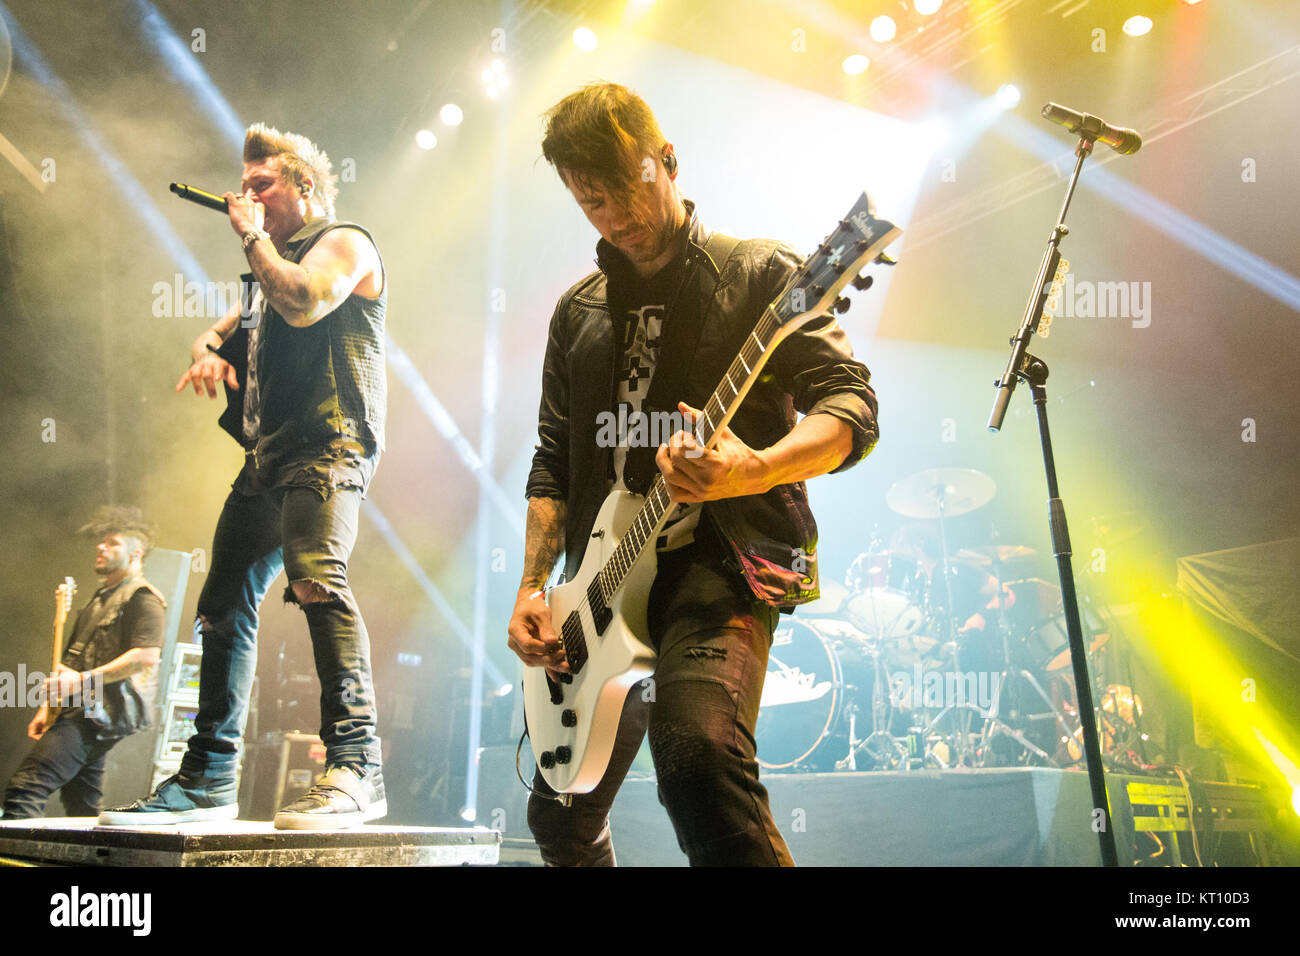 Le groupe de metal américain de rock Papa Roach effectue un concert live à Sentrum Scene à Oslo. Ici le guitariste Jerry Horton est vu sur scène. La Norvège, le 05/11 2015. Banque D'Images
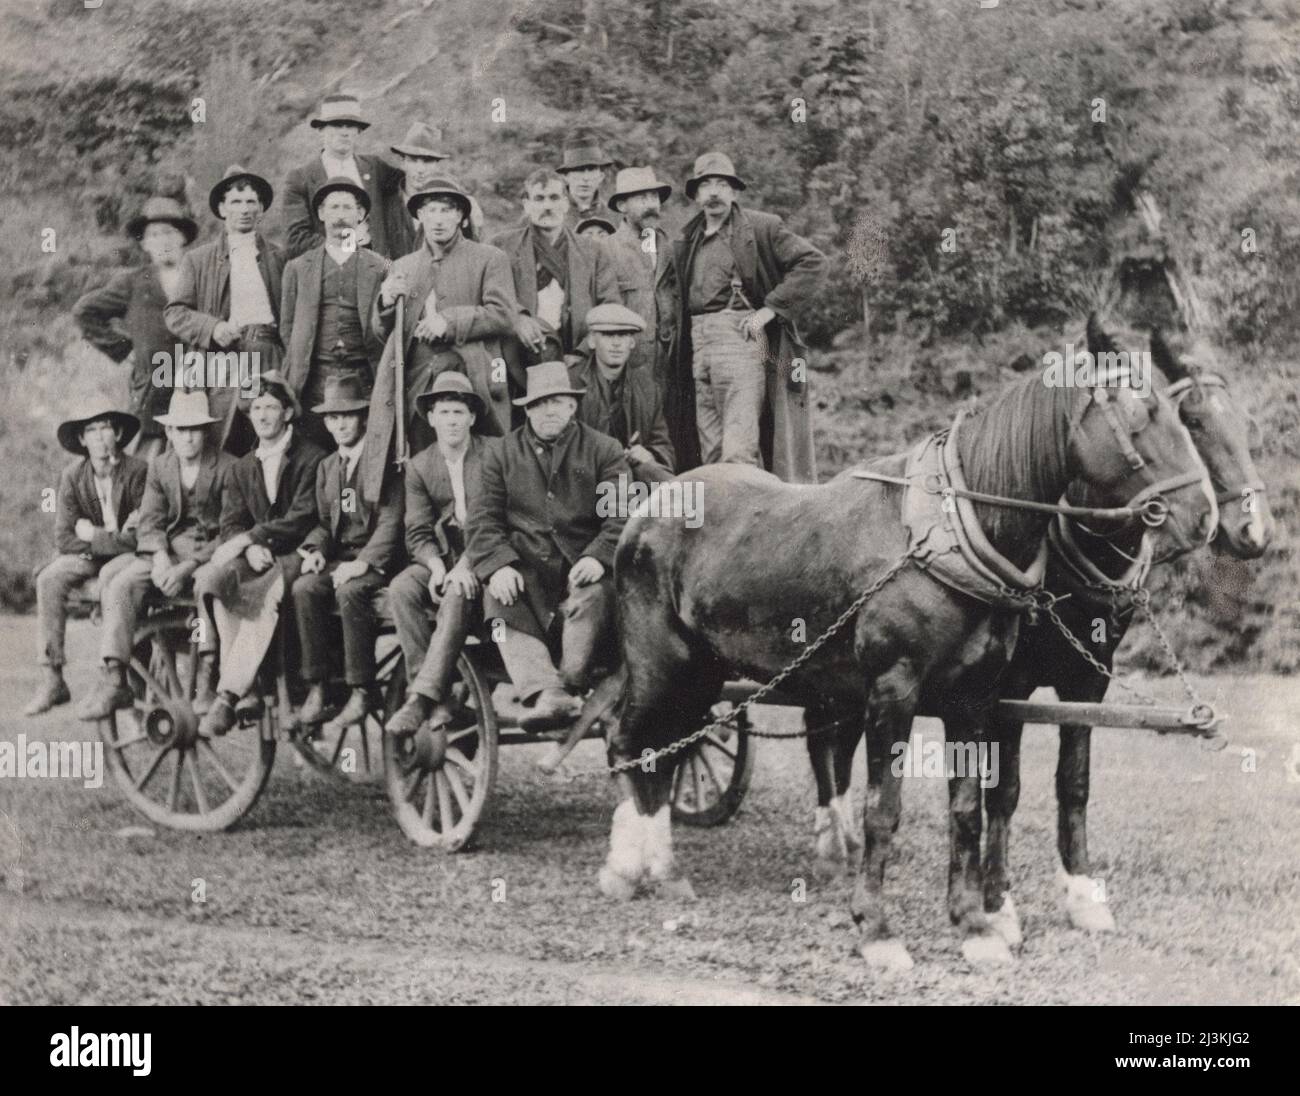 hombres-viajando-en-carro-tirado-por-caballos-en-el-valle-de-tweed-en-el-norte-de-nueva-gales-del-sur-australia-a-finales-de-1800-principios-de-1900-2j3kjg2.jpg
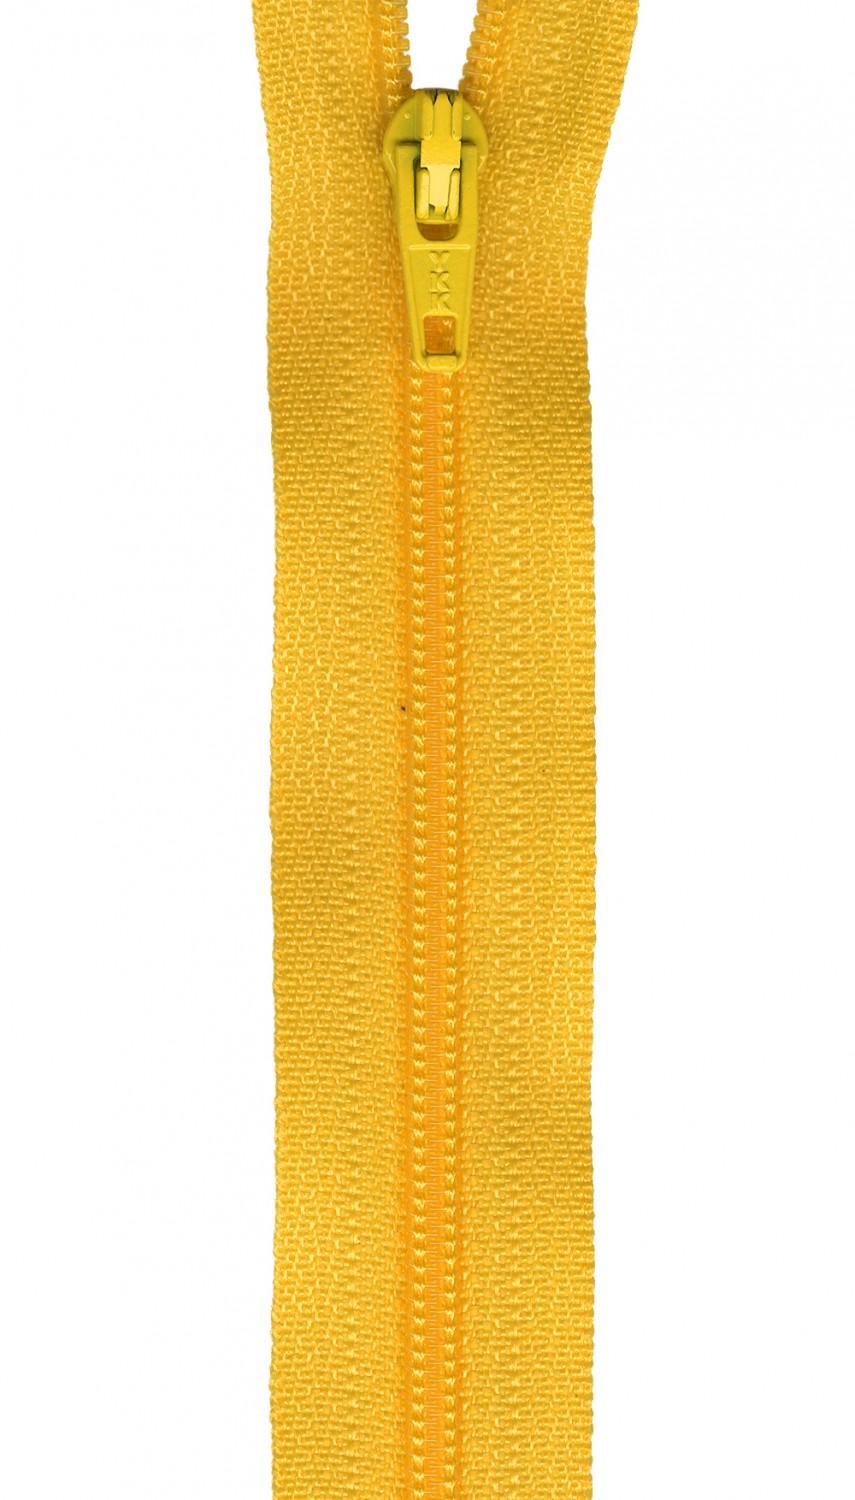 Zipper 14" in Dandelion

[Description of the task] Nothing but an exact transcription of the material, without pictures, should be returned.

[Solution to the exercise]
 Le groupe de metal américain de rock Papa Roach effectue un concert live à Sentrum Scene à Oslo. Ici le guitariste Jerry Horton est vu sur scène. La Norvège, le 05/11 2015. Banque D'Images
 hombres-viajando-en-carro-tirado-por-caballos-en-el-valle-de-tweed-en-el-norte-de-nueva-gales-del-sur-australia-a-finales-de-1800-principios-de-1900-2j3kjg2.jpg
 Zipper 14" in Dandelion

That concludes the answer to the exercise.